Built just 40 something years ago in Lithuania, Visaginas was to be a gateway between the USSR and western Europe, marrying the best of both cultures. An entire city constructed with a colossal nuclear power plant at its epicentre, populated by Russian migrant workers and designed in the shape of a butterfly. Fast forward in time and Lithuania has gained independence from Russia. One of the conditions of the country joining the EU was that the nuclear power plant had to go. Overnight, 5,000 Russians found themselves unemployed. As many as 30,000 more felt the impact as the main source of income in the city began to shut down.

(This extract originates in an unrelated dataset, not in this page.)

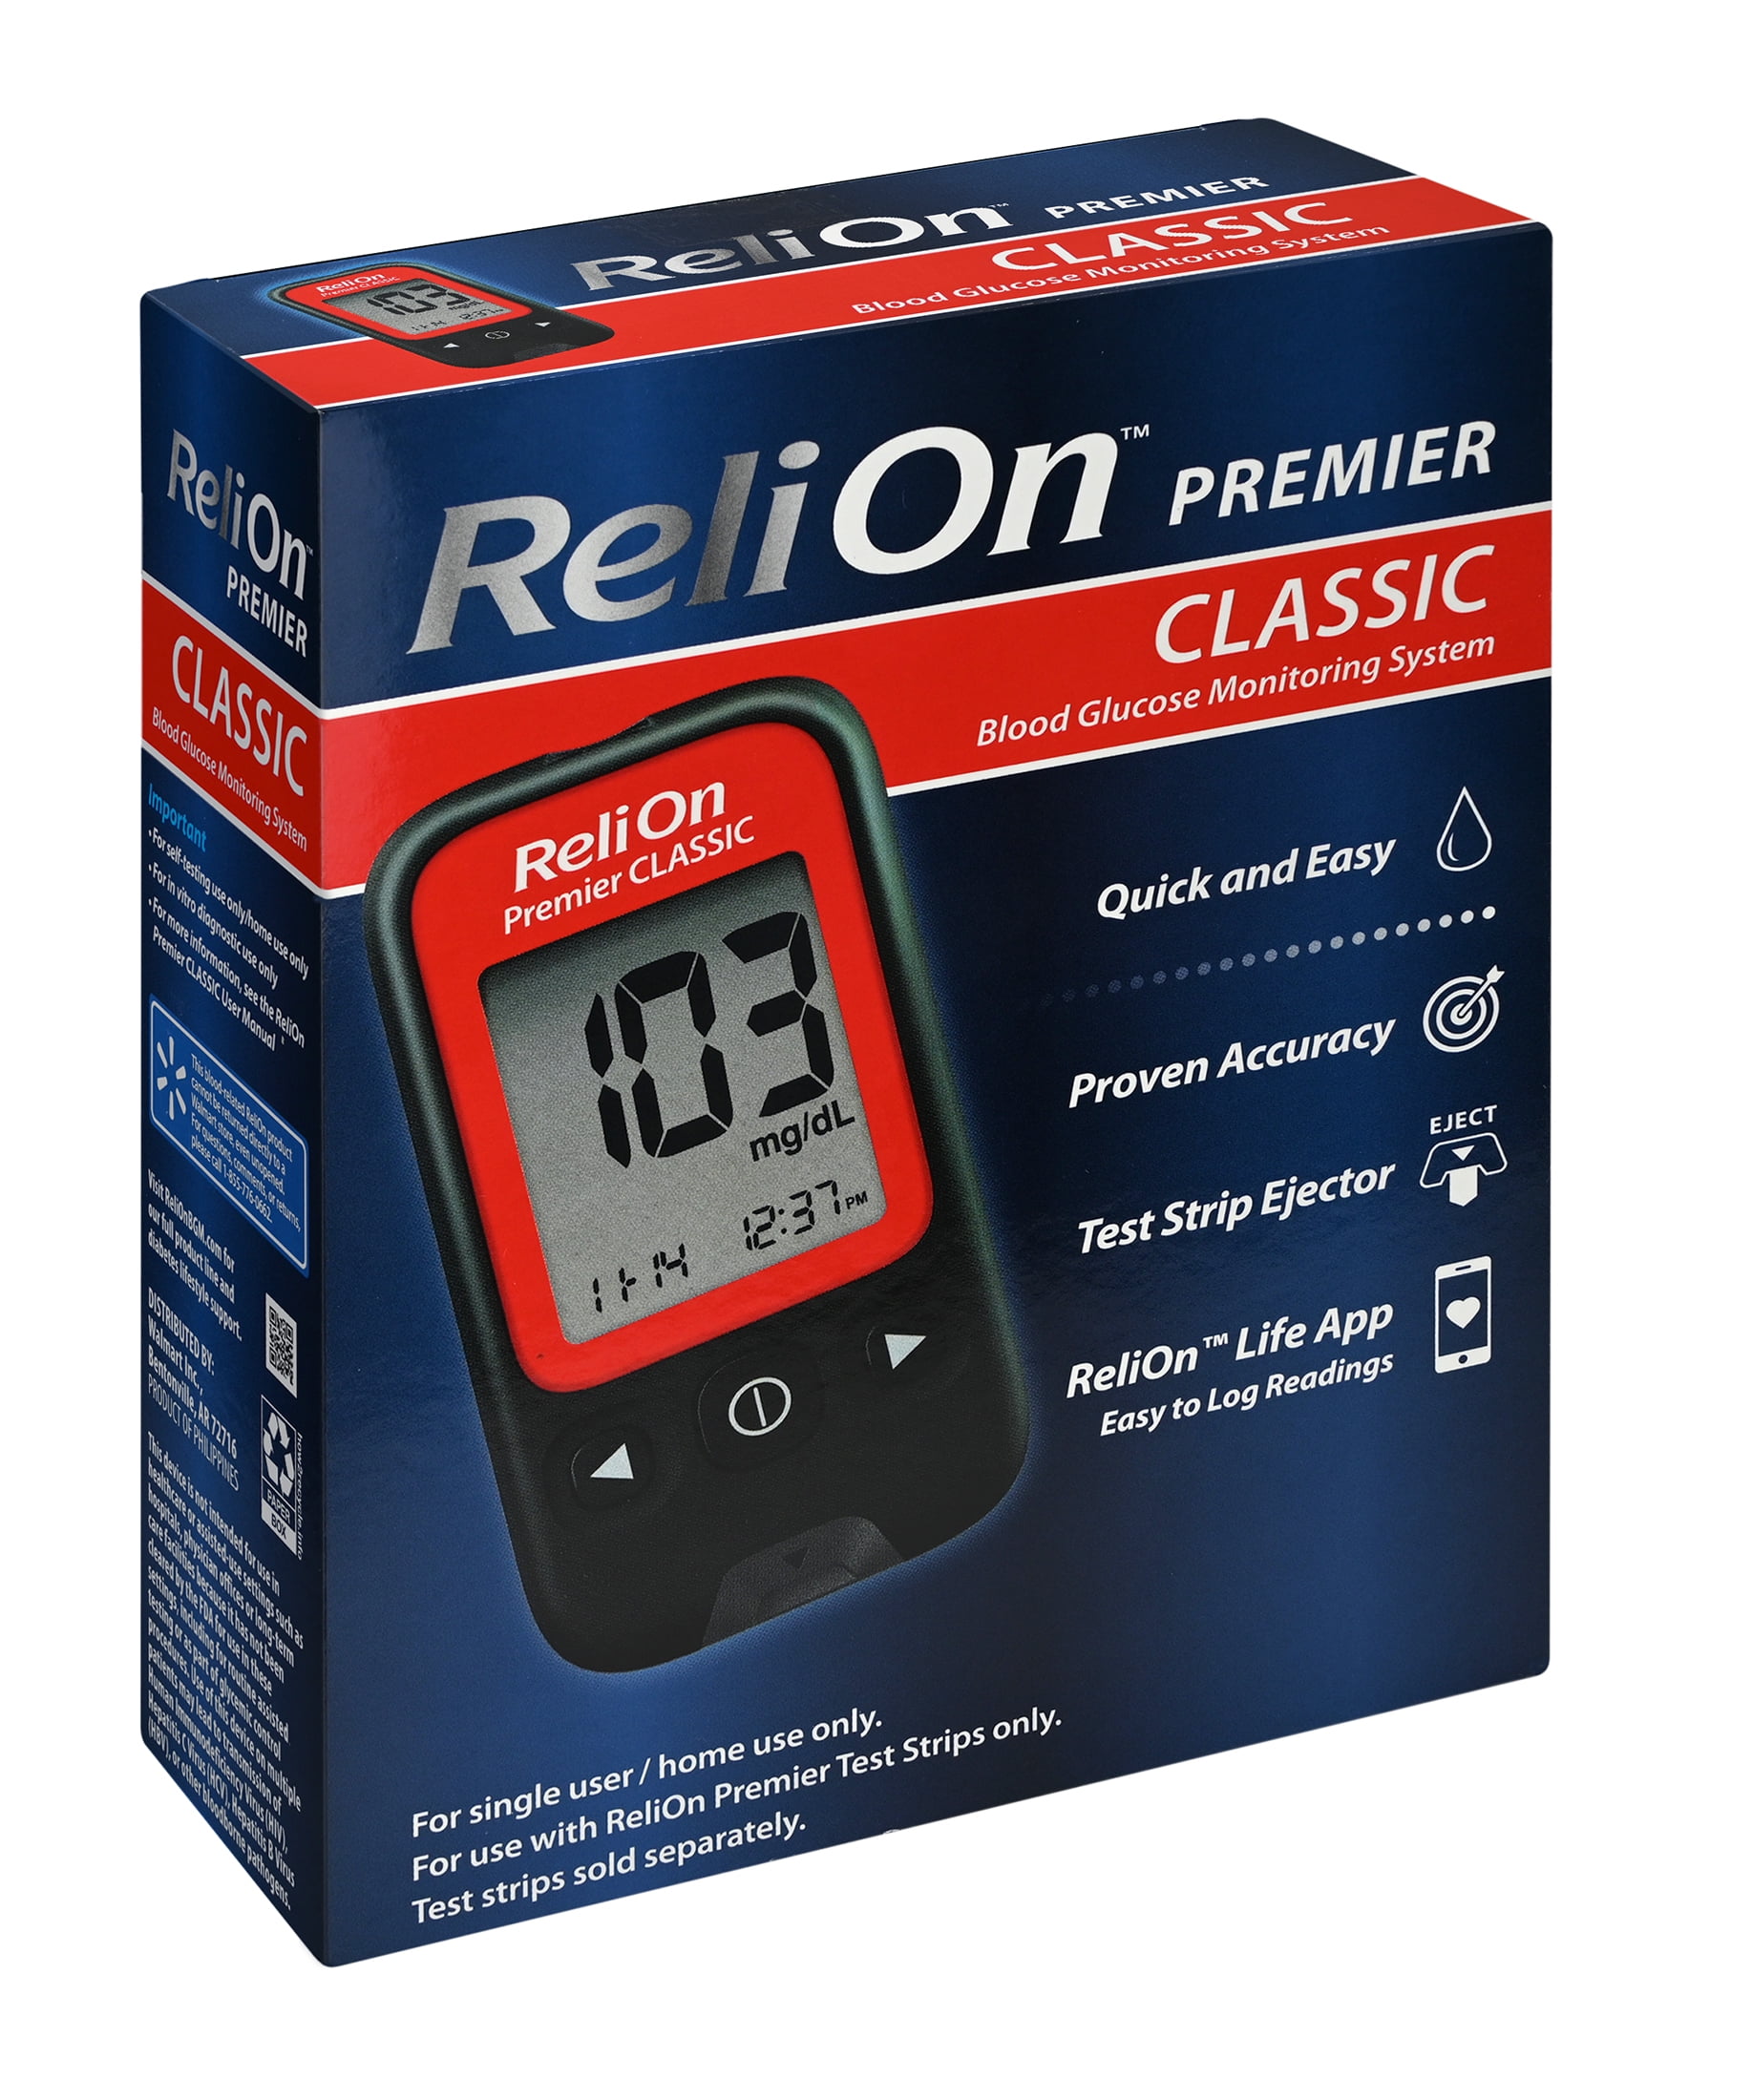 ReliOn Premier CLASSIC Blood Glucose Monitoring System

They became stranded in a city with no prospects, in a country where the seeds of mistrust of Russians had long since been sown.

Butterfly City

A native Lithuanian born to Russian parents, director Olga Černovaitė felt that the story of Visaginas was one that needed to be told and from her time there interviewing some of its citizens, Butterfly City was created. At it’s best it’s a tale of identity and disenfranchisement. Of how important a sense of belonging can be and what can happen when someone is stripped of that. While the characters who pop up along the journey are certainly interesting enough to want to delve into, the film doesn’t tell their story in as meaningful a way as it could, barely scratching the surface of the emotional impact of their predicament.

The film as a whole could benefit from being pared down and there’s a sense that it may have been a more coherent and intimate piece if the stories of all the characters were told as a series of individual vignettes. Butterfly City is disjointed and uneven, lacking any real drama or impact and it’s a shame because there is undoubtedly some fantastic raw material there and Olga Černovaitė has done fantastic work in unearthing the story of the rise and decline of life there.

Visaginas is a genuine oddity, a place that was built by one generation of workers whose own kids are currently employed in shutting it back down. It’s a relic of political change and upheaval; a quietly decaying indictment of how the demise of the USSR has led to some it’s former citizens feeling abandoned and hopeless. Butterfly City is a noble attempt to tell the story of Visaginas, it just lacks energy and spirit, much like the city itself.